Among many Roma families, moreover, marriage partners must be members of their own primary *fis*. Many Cergar and Bamill Roma in Delvina, Gjirokastra, Levan, Fier, Fushe Kruja, and Korca arrange marriages between first and second cousins. Endogamy is practiced by some Roma in isolated localities, or by Roma that recently migrated from the country, and is explained by the limited access to available marriage patterns there. Roma explain endogamy through such metaphors as ‘The good horse should be sold within the village’ and ‘Why should the good apple get eaten by someone else?’

“The tradition of marrying members of one’s own primary *fis* is, however, undergoing change. One Roma leader in Tirana explained: ‘Many marriages happen nowadays between members of different Roma *fise*, whereas before they didn’t. Everyone wanted [to marry someone] from his own *fis*. My father and my wife’s father belong to the same *fis*; therefore my wife and I married…Today, however, the youth don’t care about this tradition, and they’ve even started marrying whites, Egyptians, or Roma from other *fise*.’

“Marriage with a member of another ethnic group is sometimes punished with ostracism….”

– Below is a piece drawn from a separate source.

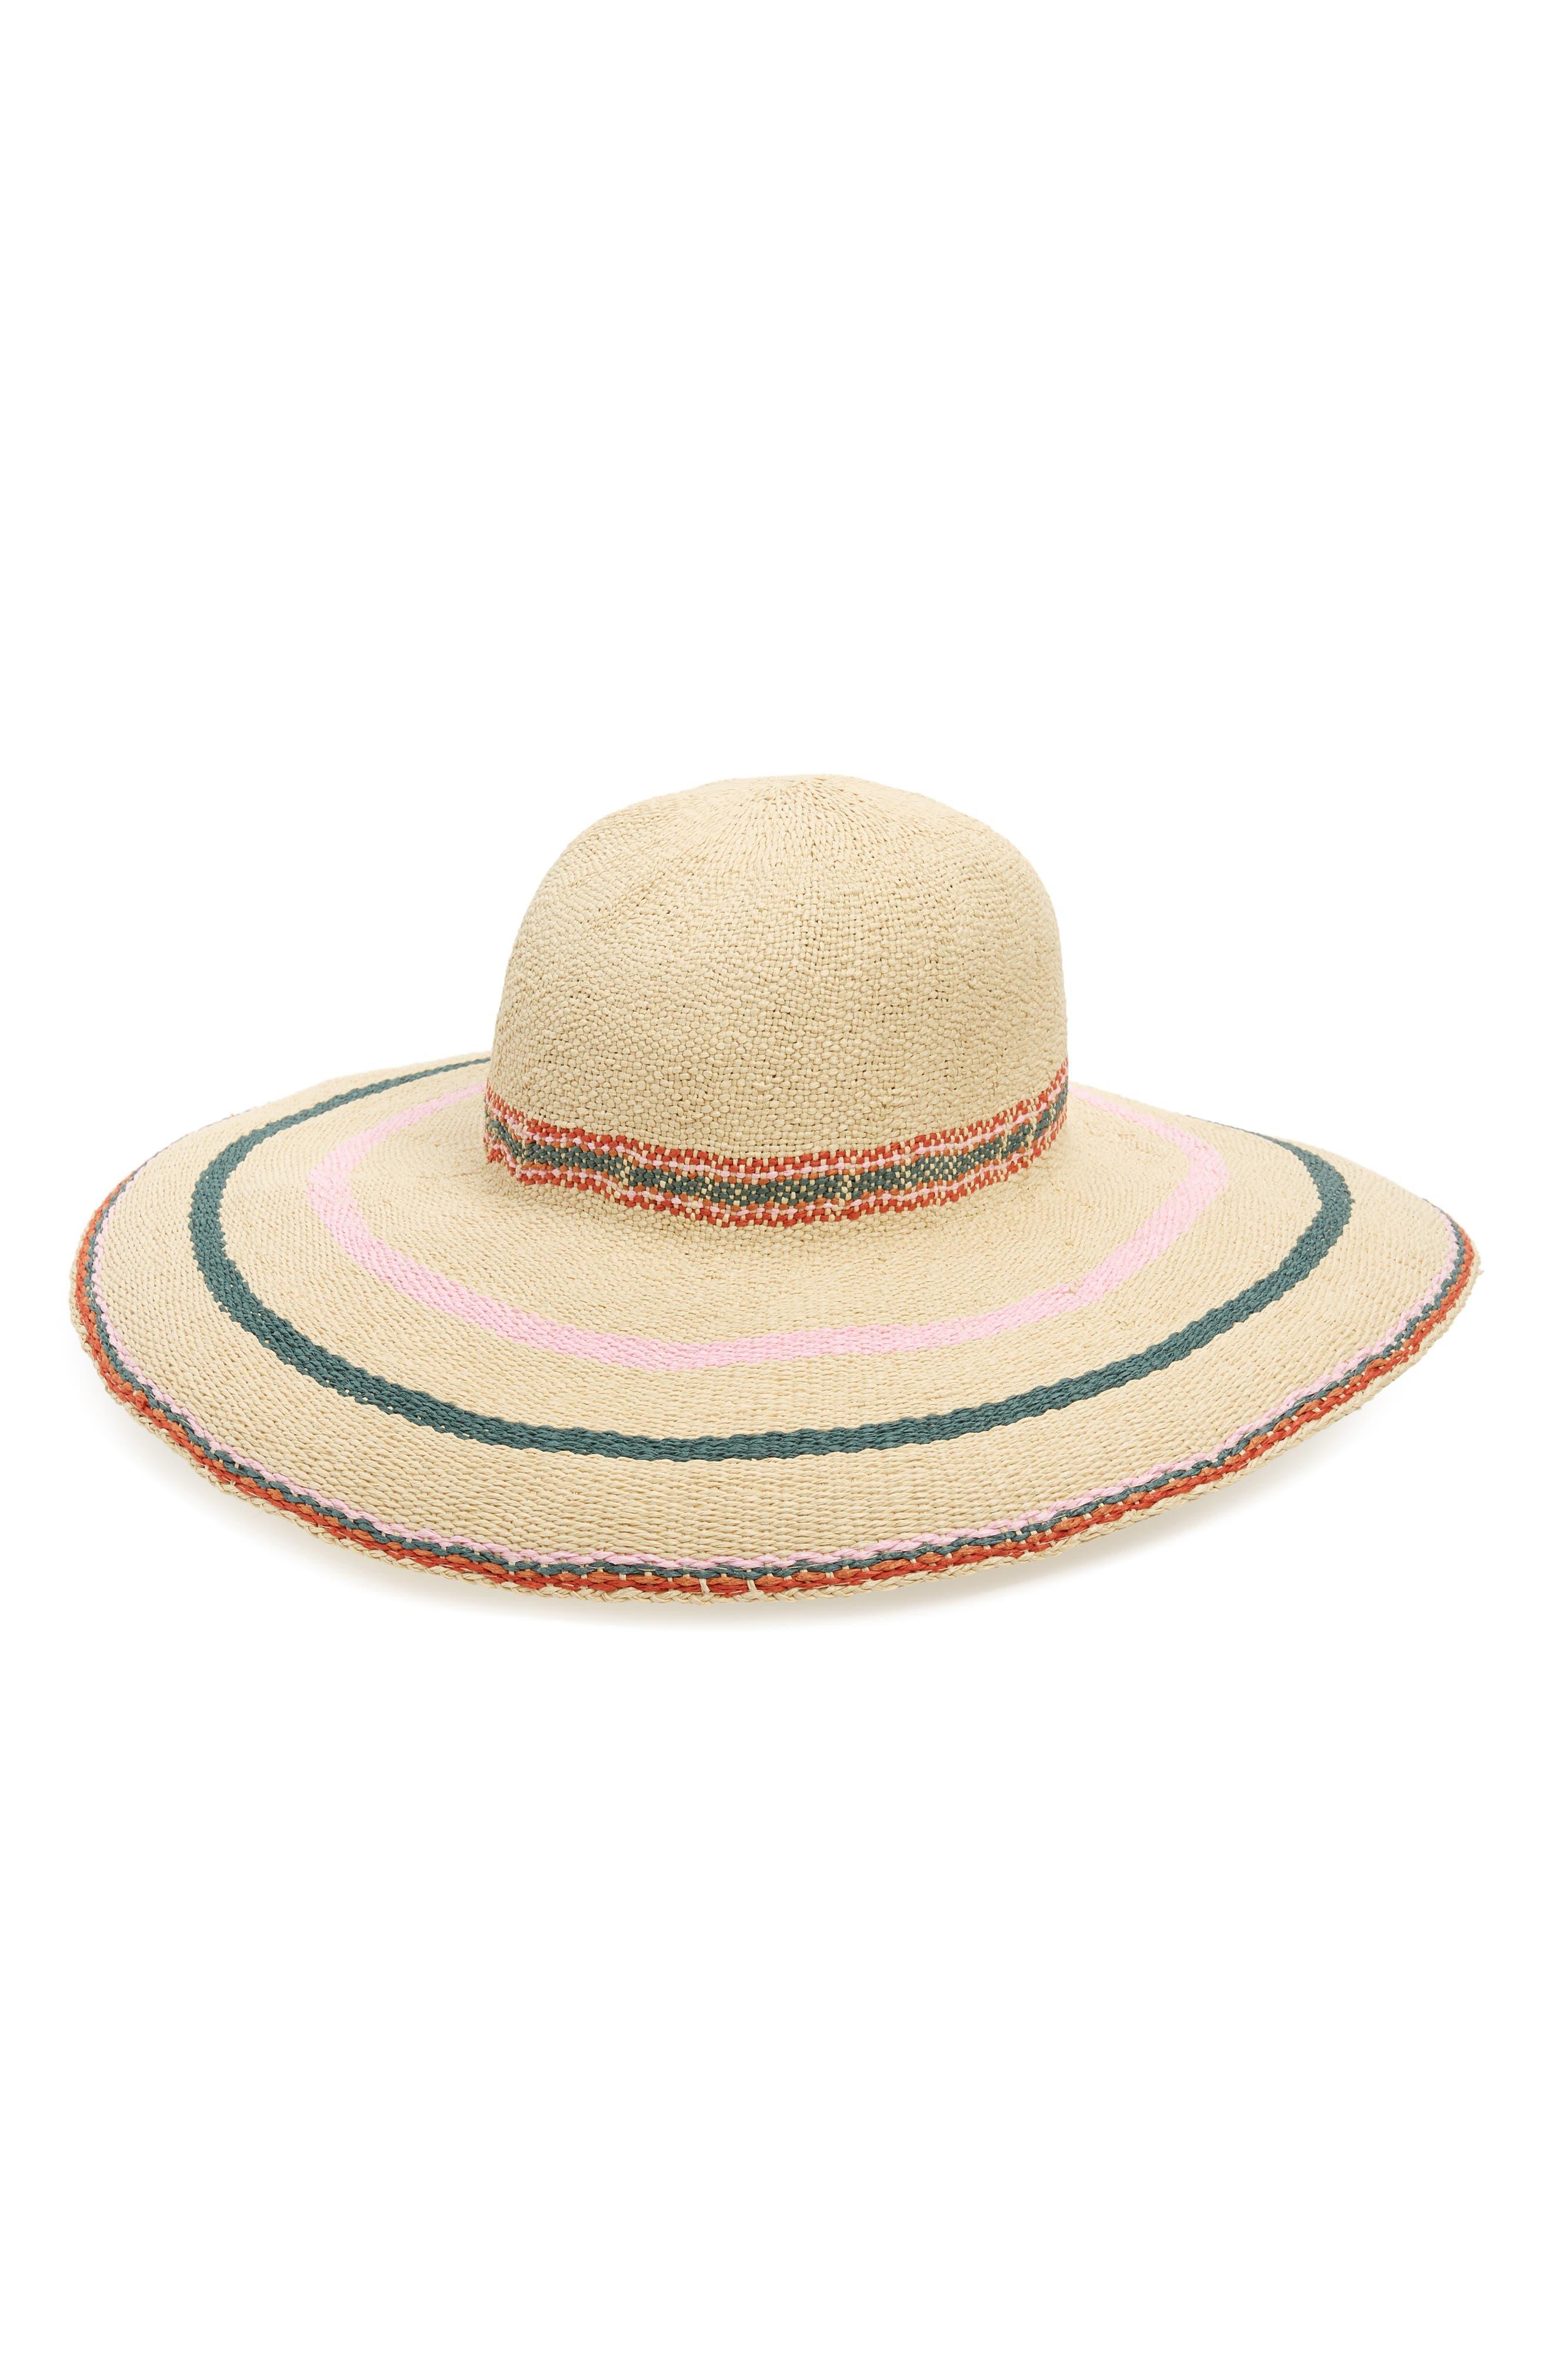 x Biltmore Tulum Stripe Straw Hat,                         Main,                         color, MULTI STRIPE

we’ve heard about these *fise* in the balkans before. here’s more about the gypsy *fise* (i think we can just call them clans) [pgs. 21-22]:

“Roma social organization is based on the *fis*. Members of one *fis* are usually persons who patrilineally descend from a common male *fis* name. The main branches of the *fis* — large families — serve as the bases for the creation of new *fise*.

“Arben, a Roma who enjoys a high standing within his *fis*, explained: ‘My *fis* is made up of all cousins [first, second] that have my last name, Demir.’ When a *fis* extends for several generations into a few dozen families, *fis* membership can reach into the hundreds. Now into its third generation, the Demir *fis* is composed of approximately 70 families and several hundred individuals.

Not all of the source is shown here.